Problem details: Reproduce only this stretch of the listing below: from the line with "Jack Jones Men" through the line with "Lacivert Süet Hasır", exactly as written, with pictures excluded.

Records shown:
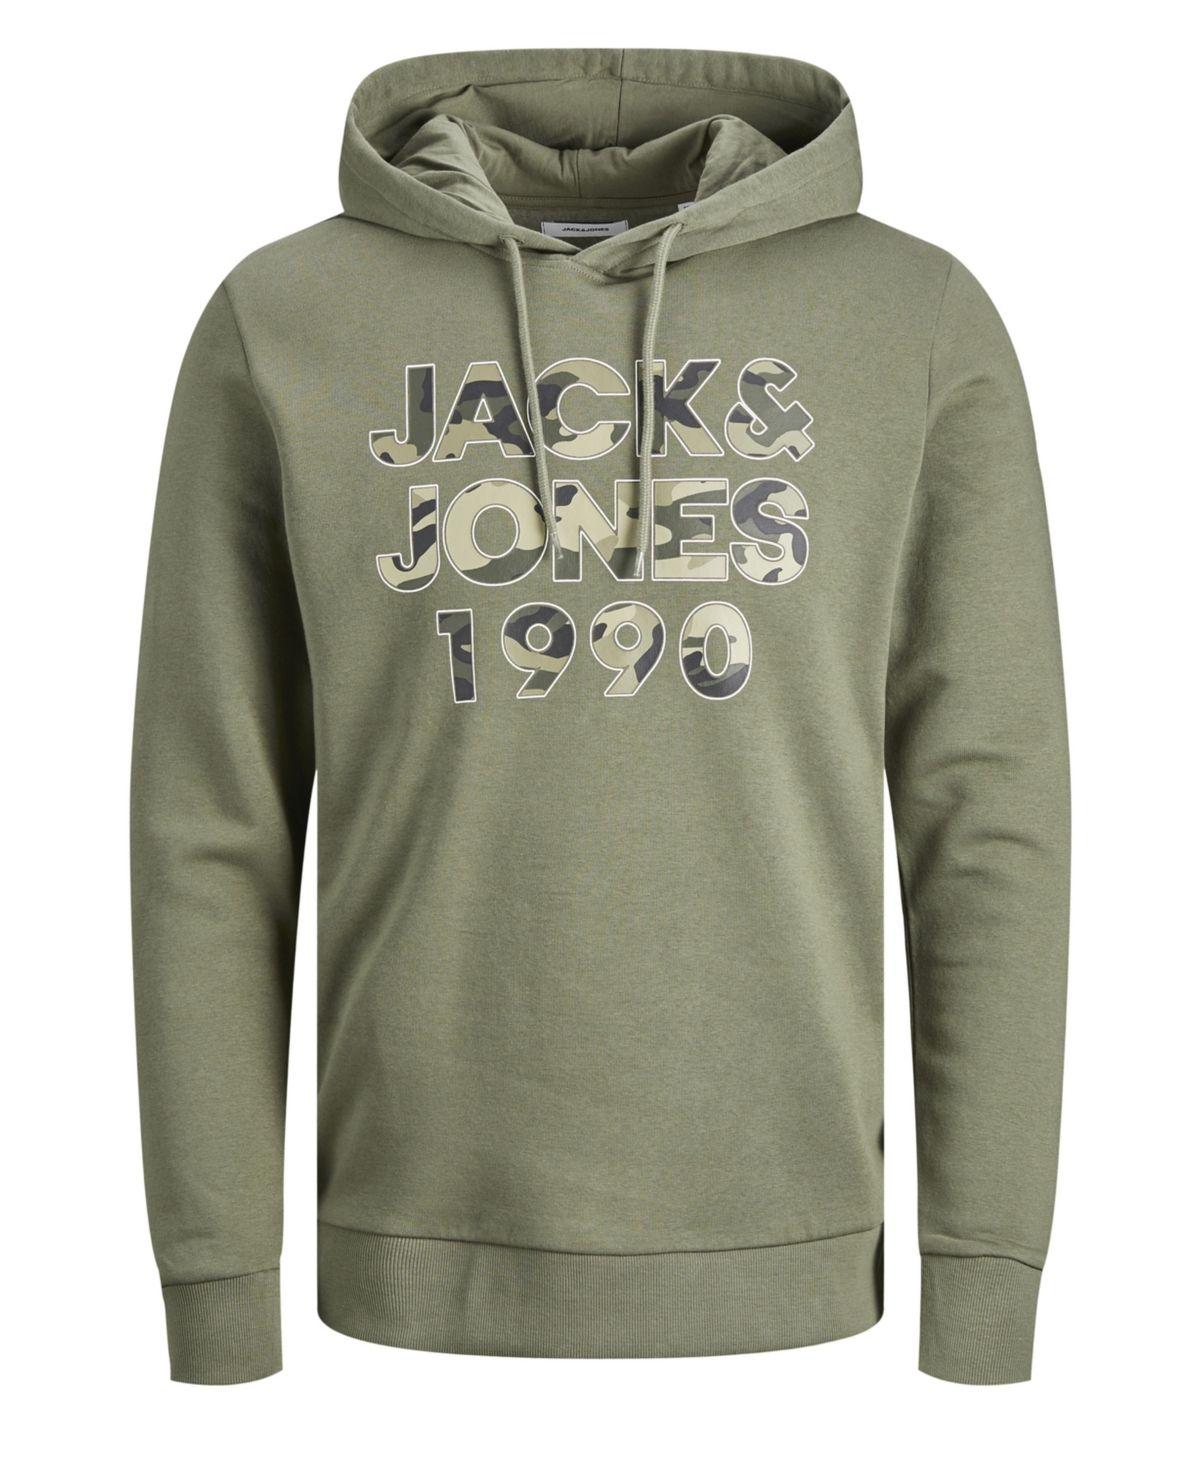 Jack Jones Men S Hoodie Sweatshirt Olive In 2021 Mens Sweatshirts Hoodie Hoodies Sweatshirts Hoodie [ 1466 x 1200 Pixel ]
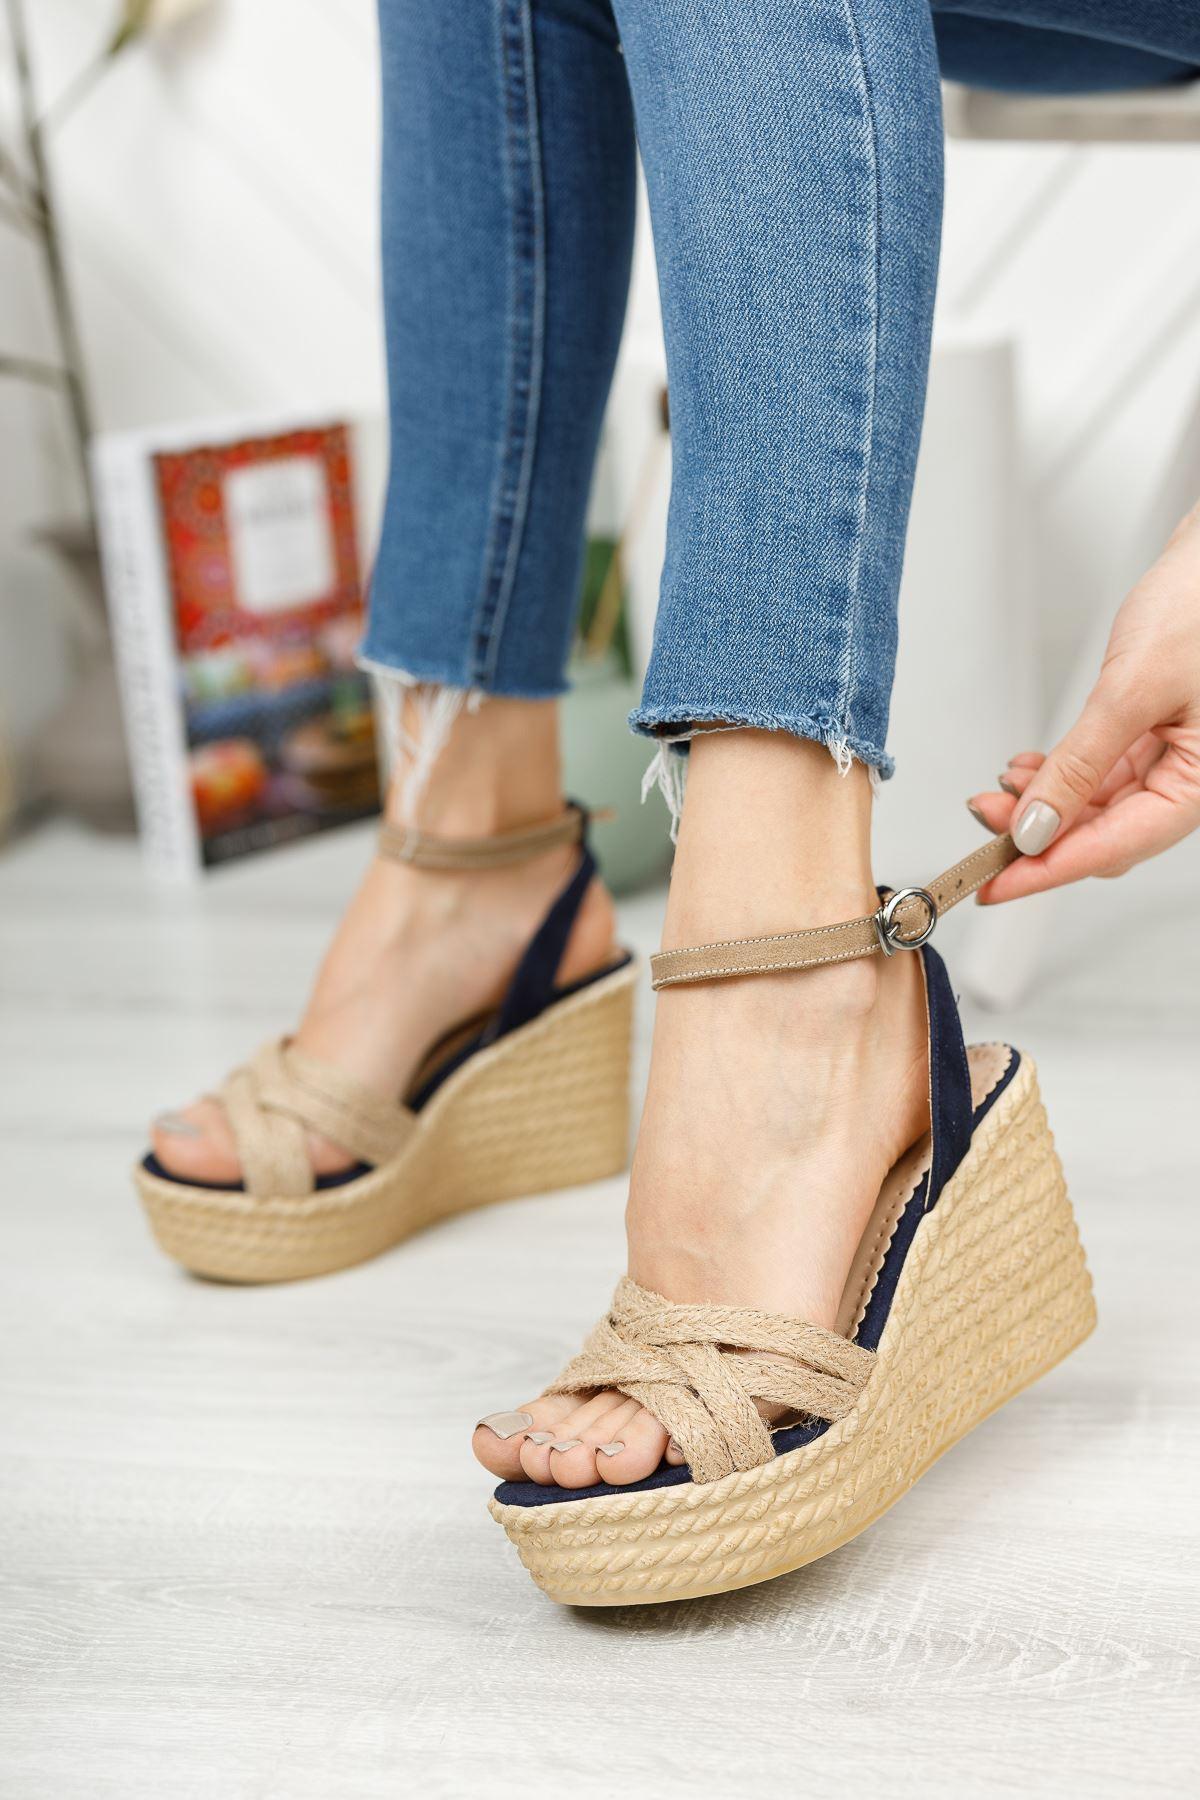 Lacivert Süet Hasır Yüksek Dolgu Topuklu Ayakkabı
---
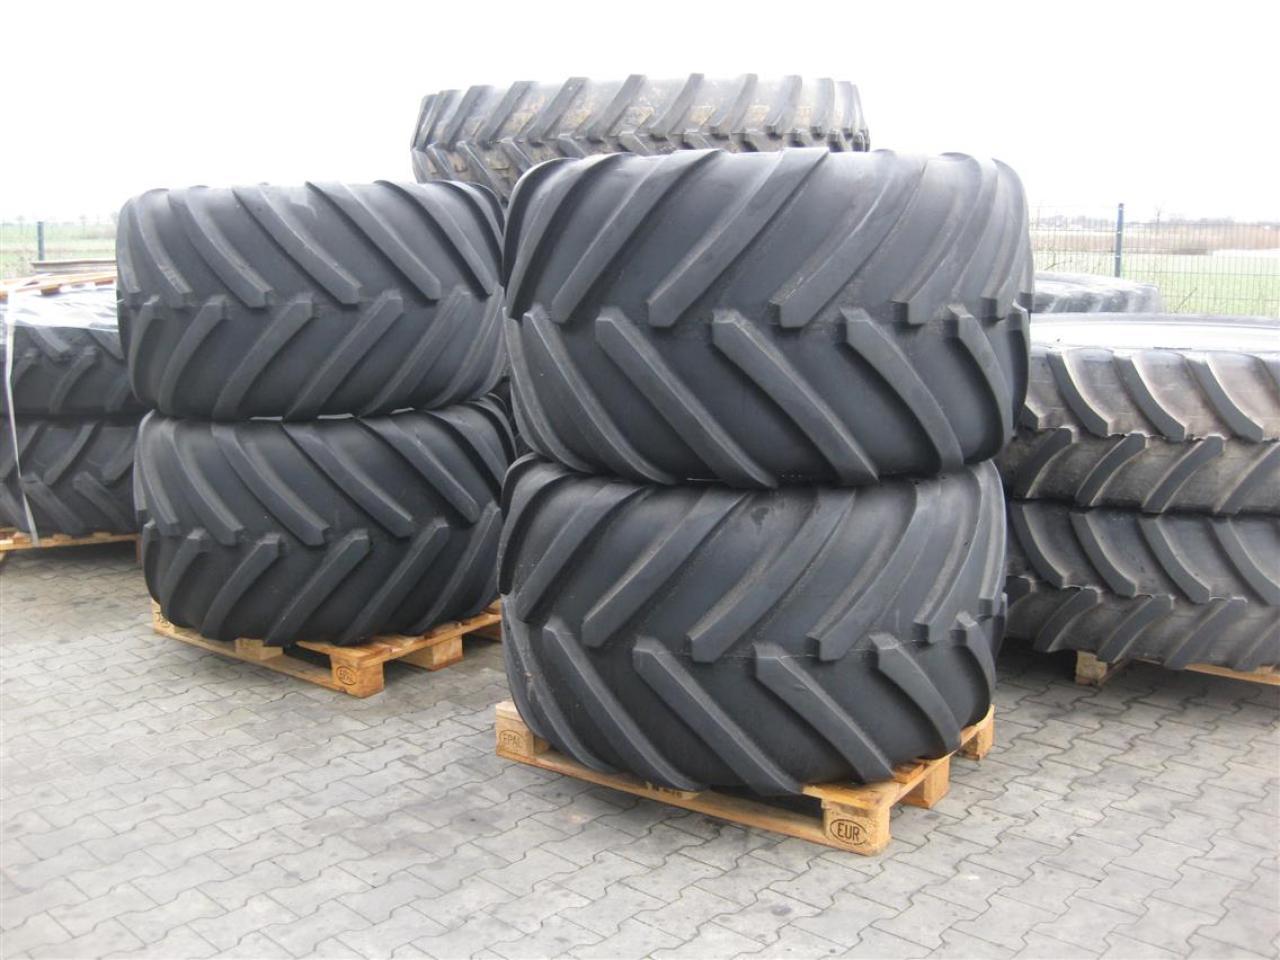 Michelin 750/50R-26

Exercise result:
 Jack Jones Men S Hoodie Sweatshirt Olive In 2021 Mens Sweatshirts Hoodie Hoodies Sweatshirts Hoodie [ 1466 x 1200 Pixel ]
 Lacivert Süet Hasır Yüksek Dolgu Topuklu Ayakkabı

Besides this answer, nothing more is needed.